On 2018-12-29 12:47 AM, Toby Thain via cctalk wrote:
On 2018-12-26 4:29 PM, Mattis Lind via cctalk wrote:
Finally I got hold of the sources for the PDP-11
SPACE WAR that was
submitted to DECUS by Bill Seiler.
The format is scans of the PAL-11S listing output. It is easy to crop the
image to only contain actual source. Then running OCR on it. Tried a few
online versions and tesseract.
The problem is that the paper that the listing is printed on has lines.

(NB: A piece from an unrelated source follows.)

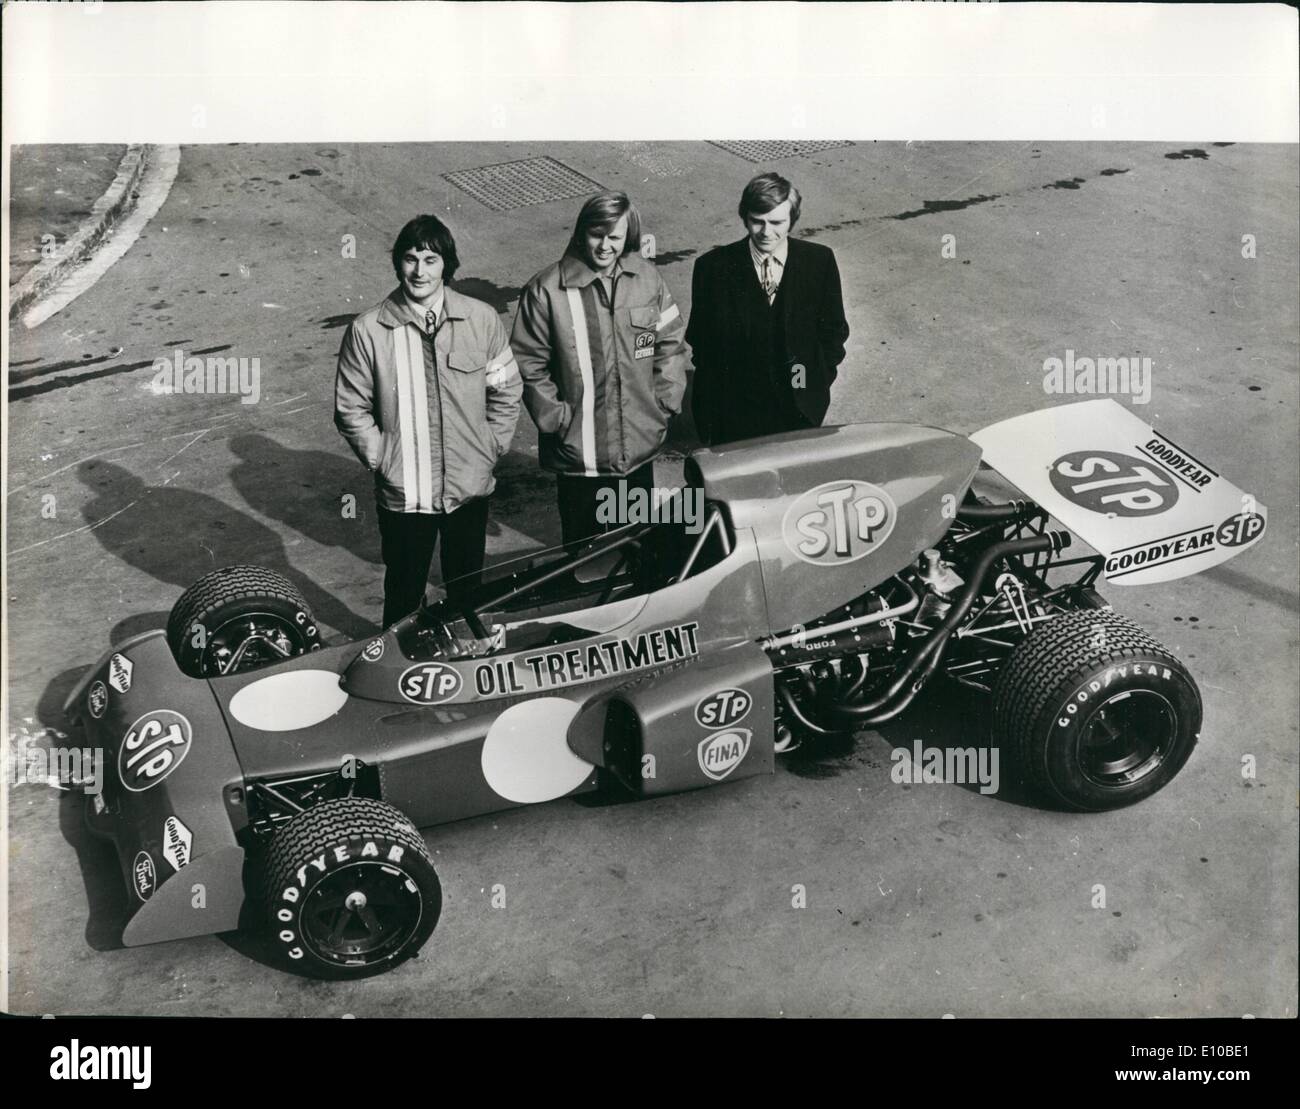 Mar. 03, 1972 - The New British Designed Racing Car March 721X To Make Its Debut At Brands Hatch: A press conference held in the Ford Show rooms in Regent's Street last night the revolutionary new March 721X racing car was unveiled. It is due to make its debut in the Race of Champions when it will be driven by Ronnie Peterson, the  Swedish driver, at Brands Hatch on March 19th, The  March 721X features a number of revolutionary ideas including a safety cockpit. Photo shows (L. to R Stock Photo

Very black lines. It makes the OCR go completely crazy. Source lines
without black lines OCR ok. The others do not. The files need massive
amount of manual intervention.
Does anyone have an idea how to process files like this?
A good way to remove the black lines?
Hi Mattis
Here's a first cut. Can probably be improved slightly. Let me know how
much this still confuses Tesseract.
https://docs.telegraphics.com.au/mattis/spcwar_pdp11_edit.tif
That is a multipage TIF, and the page order key is listed below.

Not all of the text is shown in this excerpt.